- **WORK INSTRUCTION**
Transcribe the data exactly. Pictures stay out.

--- START ---

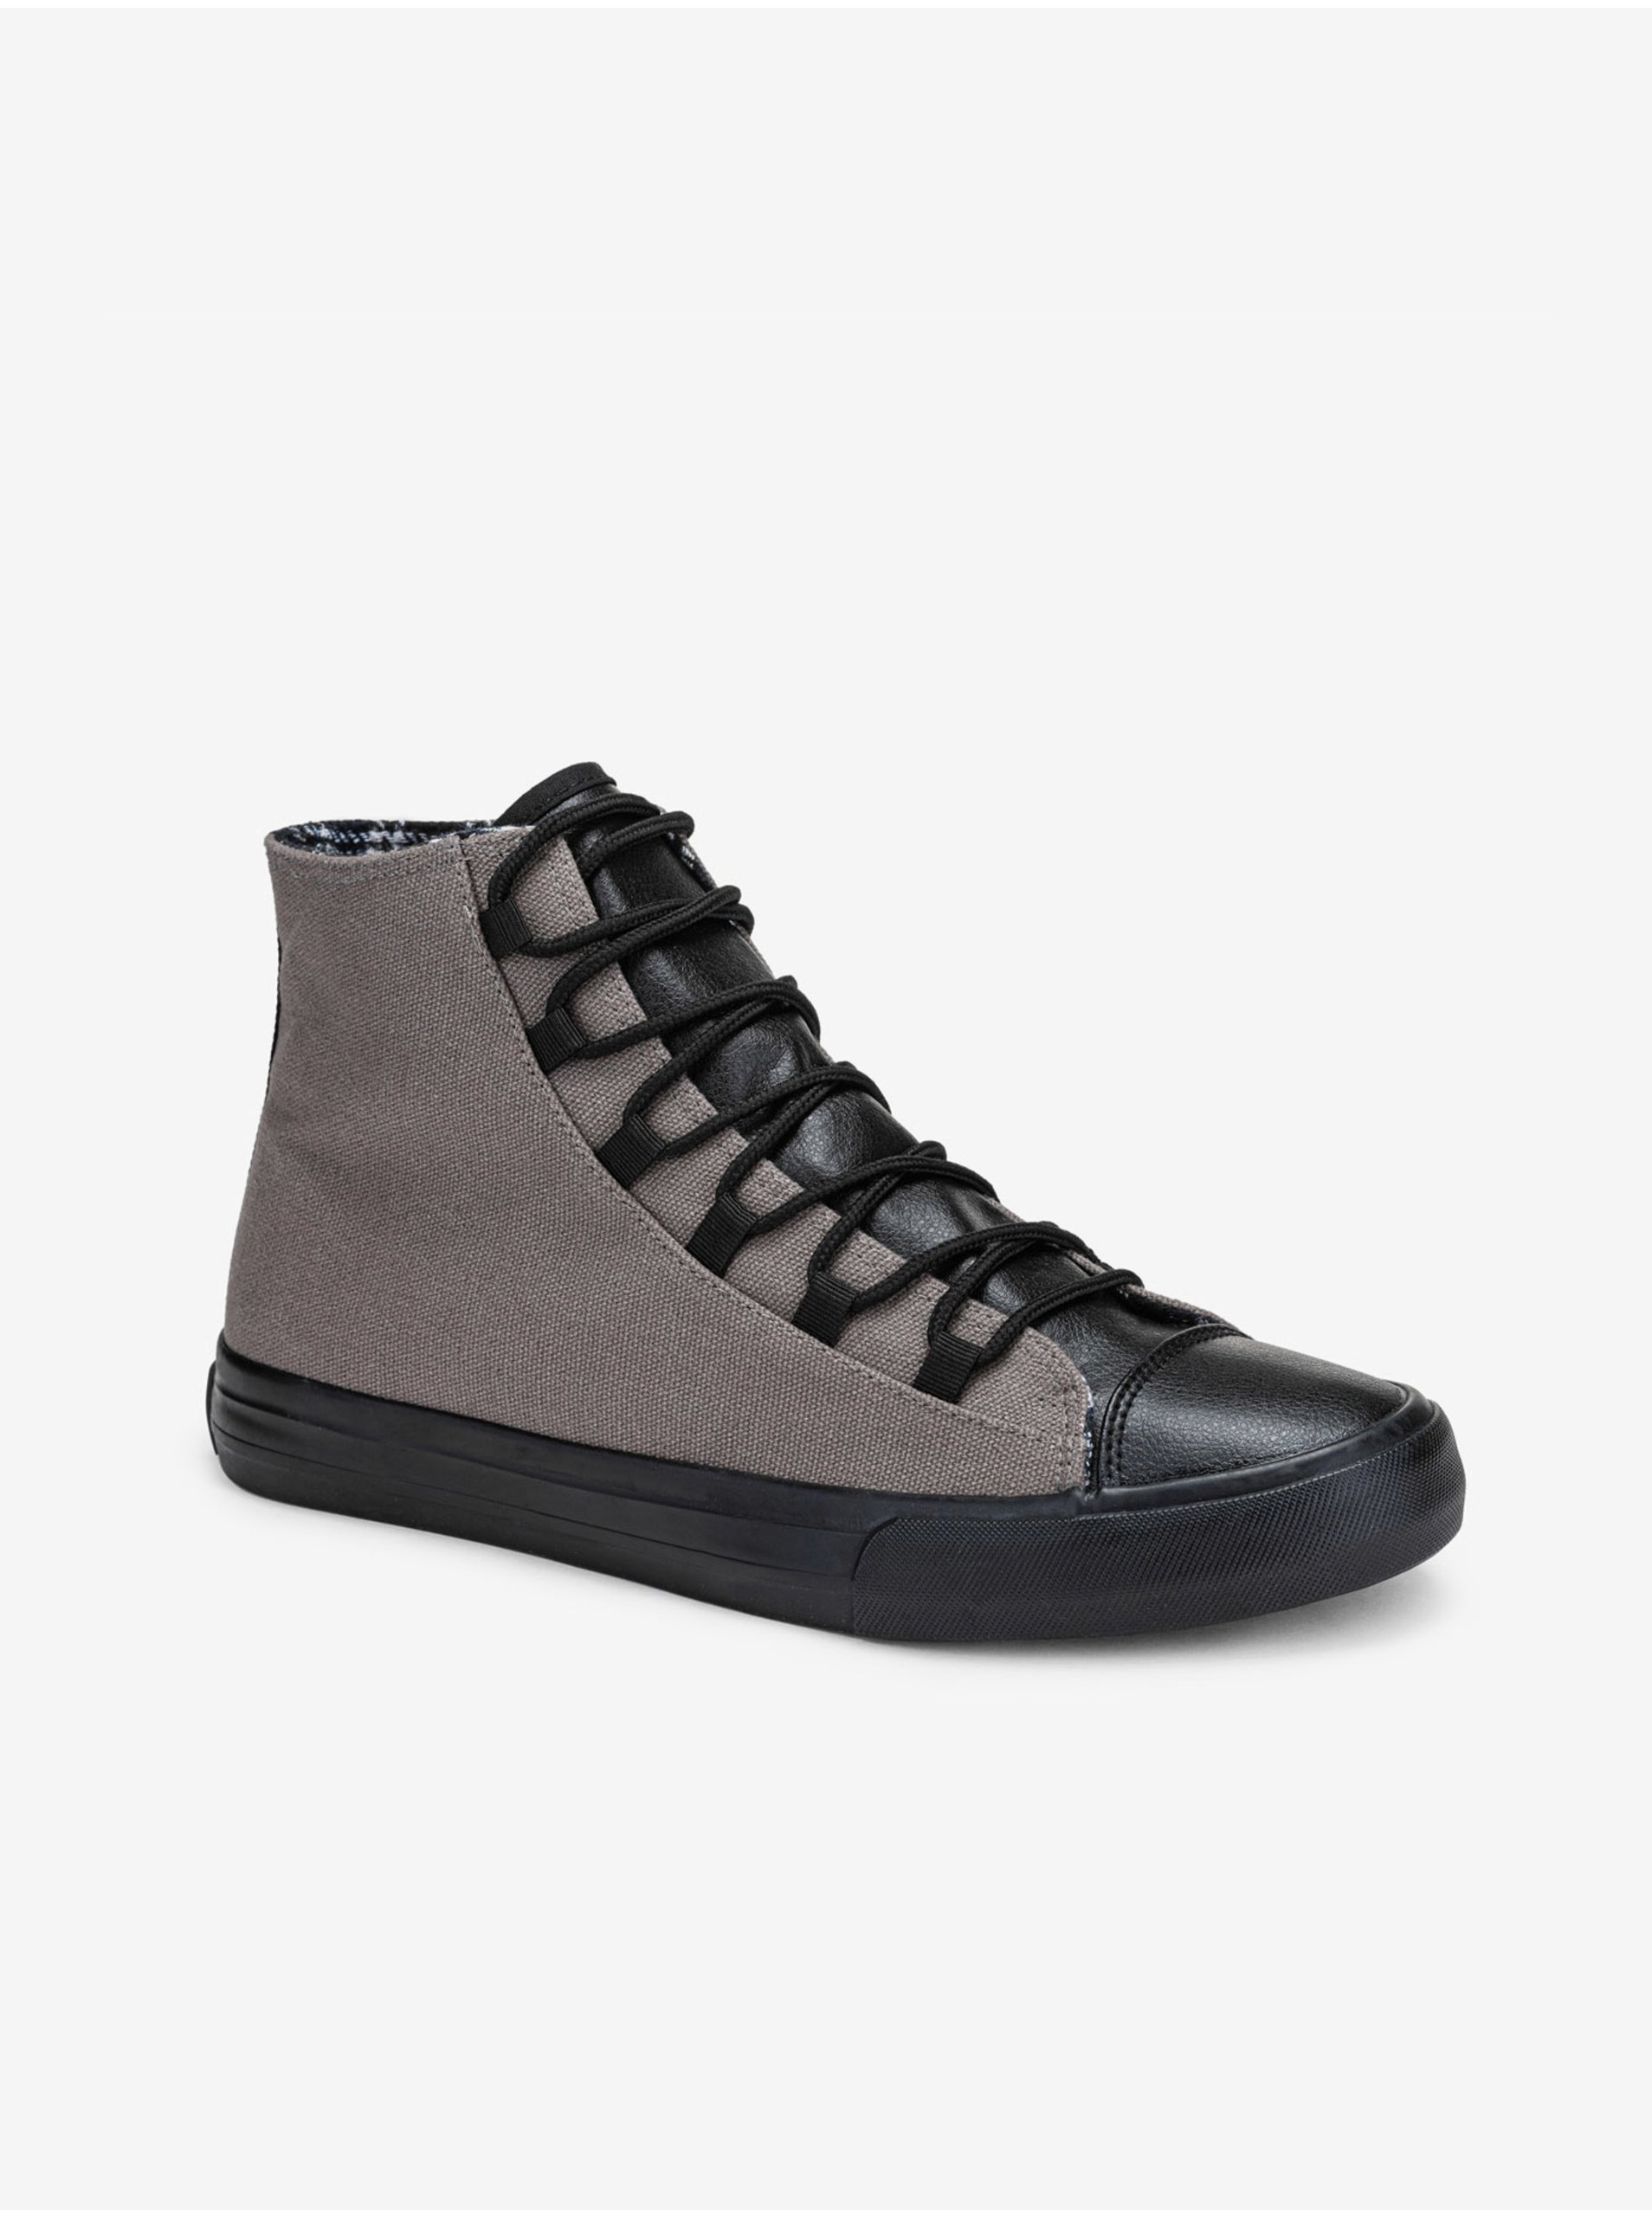 E-shop Čierno-šedé pánske sneakers topánky Ombre Clothing T378
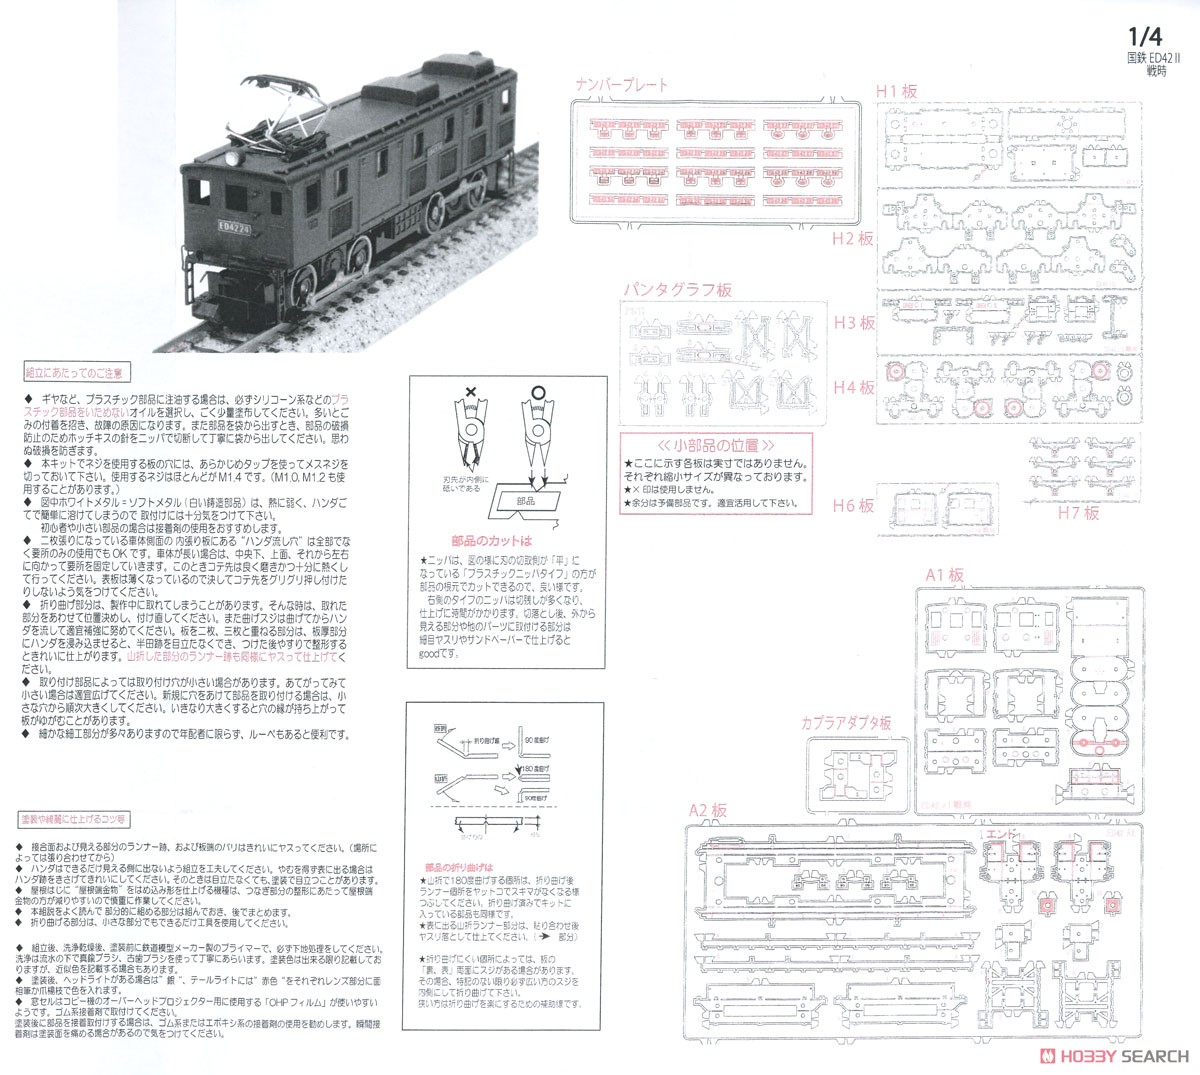 鉄道省 ED42形 電気機関車 II (戦時型) 組立キット リニューアル品 (組み立てキット) (鉄道模型) 設計図1
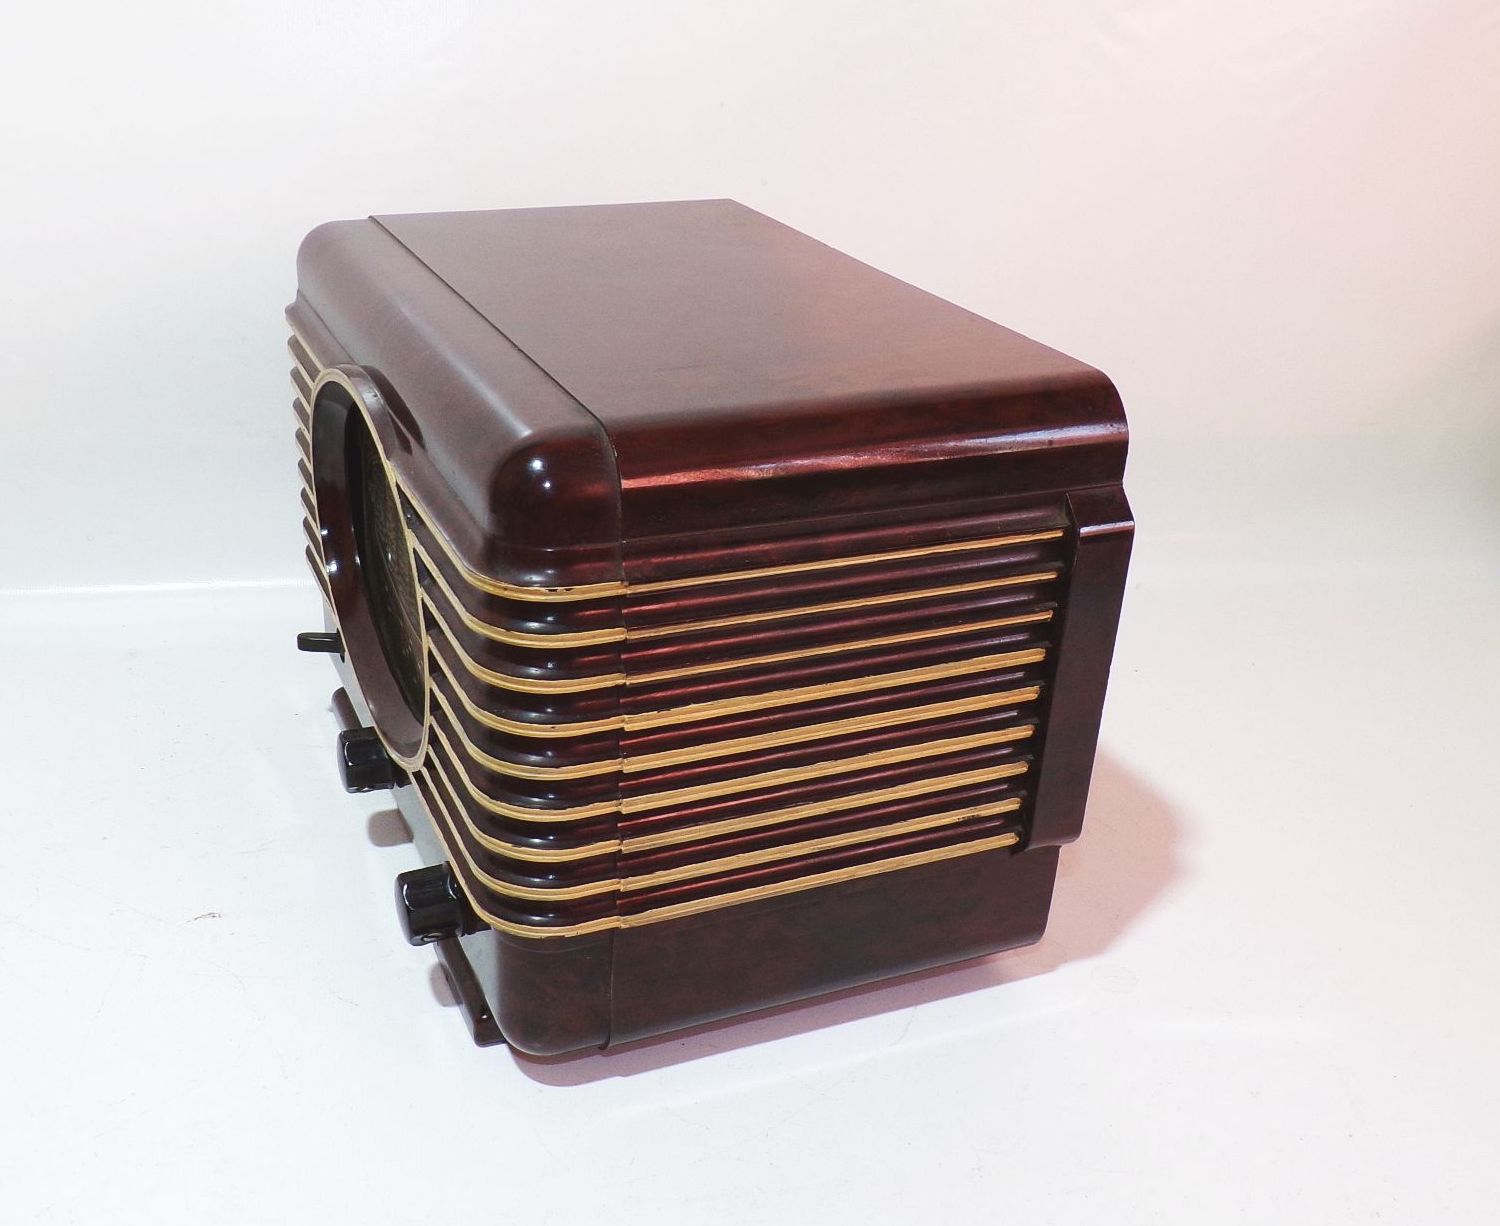 Radialva Röhrenradio Bakelit Radio Frankreich um 1940 vintage deko
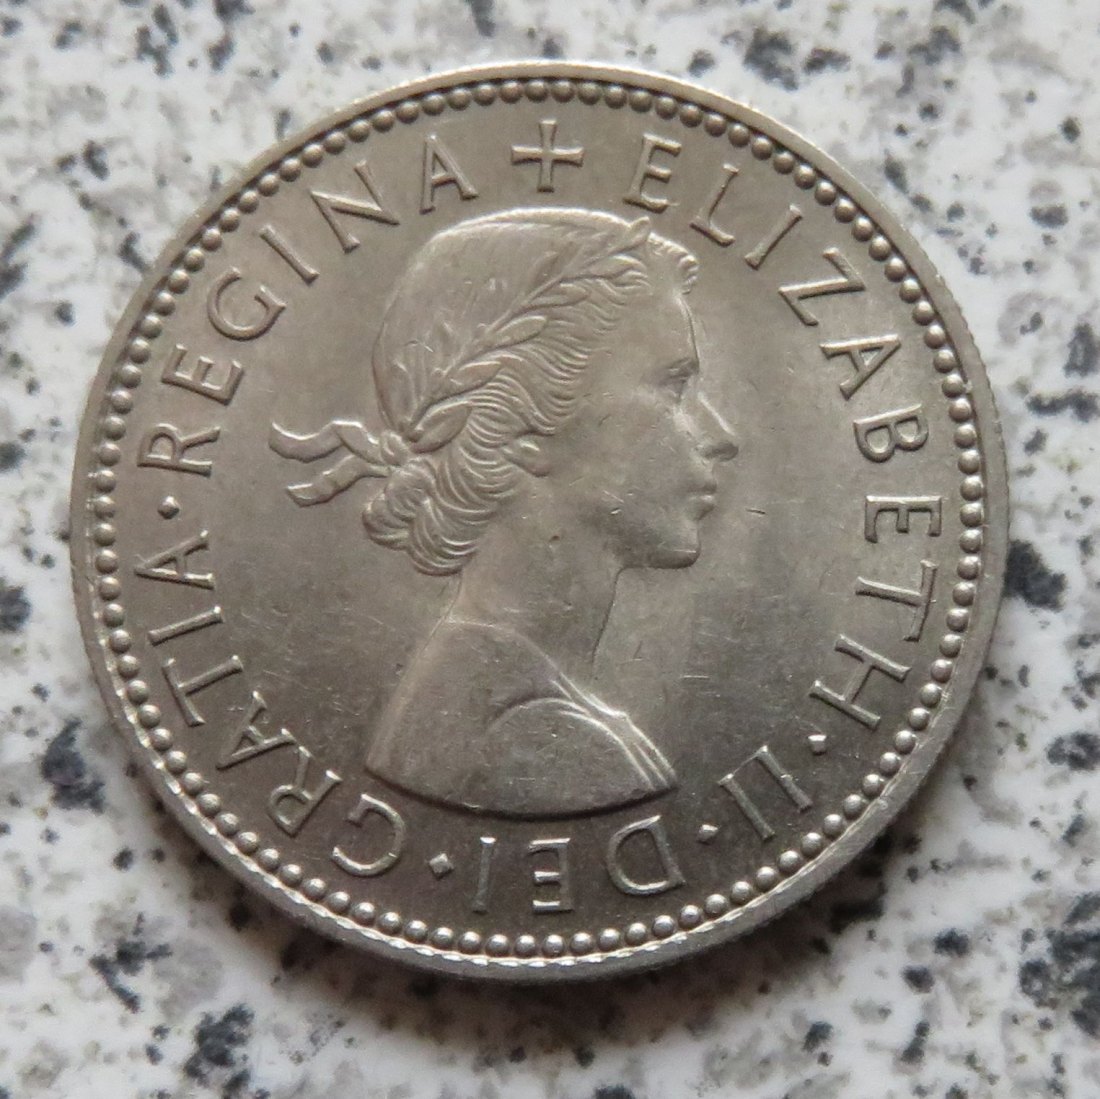  Großbritannien 1 Shilling 1958, Englisch, Erhaltung   
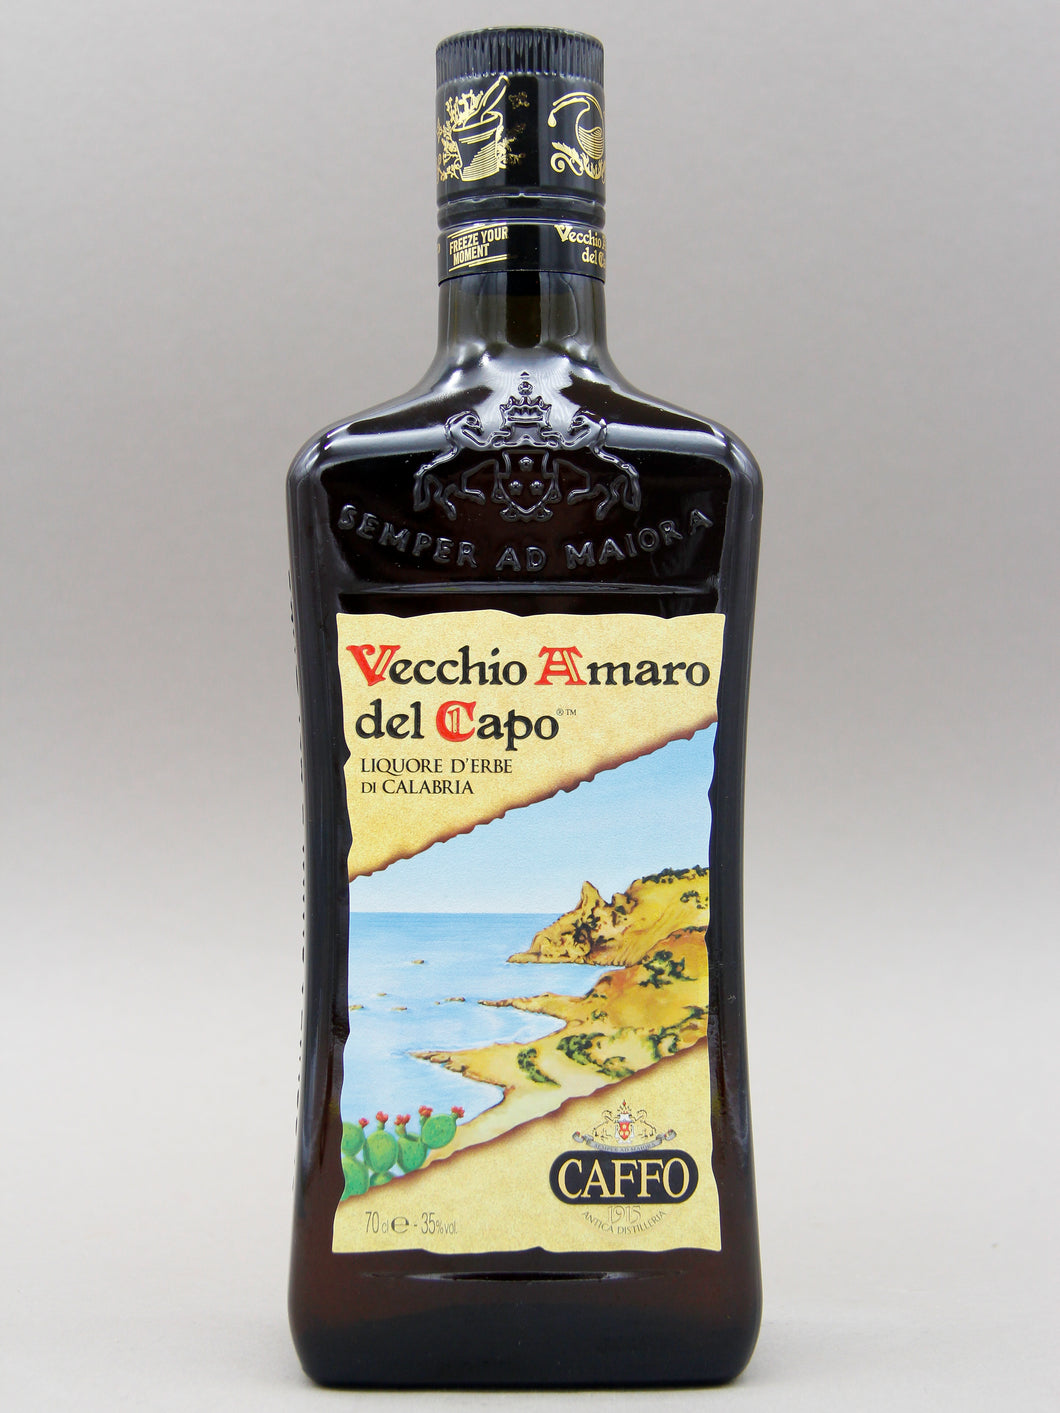 Vecchio Amaro Del Capo, Liquore d'erbe di Calabria, Italy (35%, 70cl)

--- END ---

- **REPLY**
 E-shop Čierno-šedé pánske sneakers topánky Ombre Clothing T378
 鉄道省 ED42形 電気機関車 II (戦時型) 組立キット リニューアル品 (組み立てキット) (鉄道模型) 設計図1
 Radialva Röhrenradio Bakelit Radio Frankreich um 1940 vintage deko
  Großbritannien 1 Shilling 1958, Englisch, Erhaltung   
 Vecchio Amaro Del Capo, Liquore d'erbe di Calabria, Italy (35%, 70cl)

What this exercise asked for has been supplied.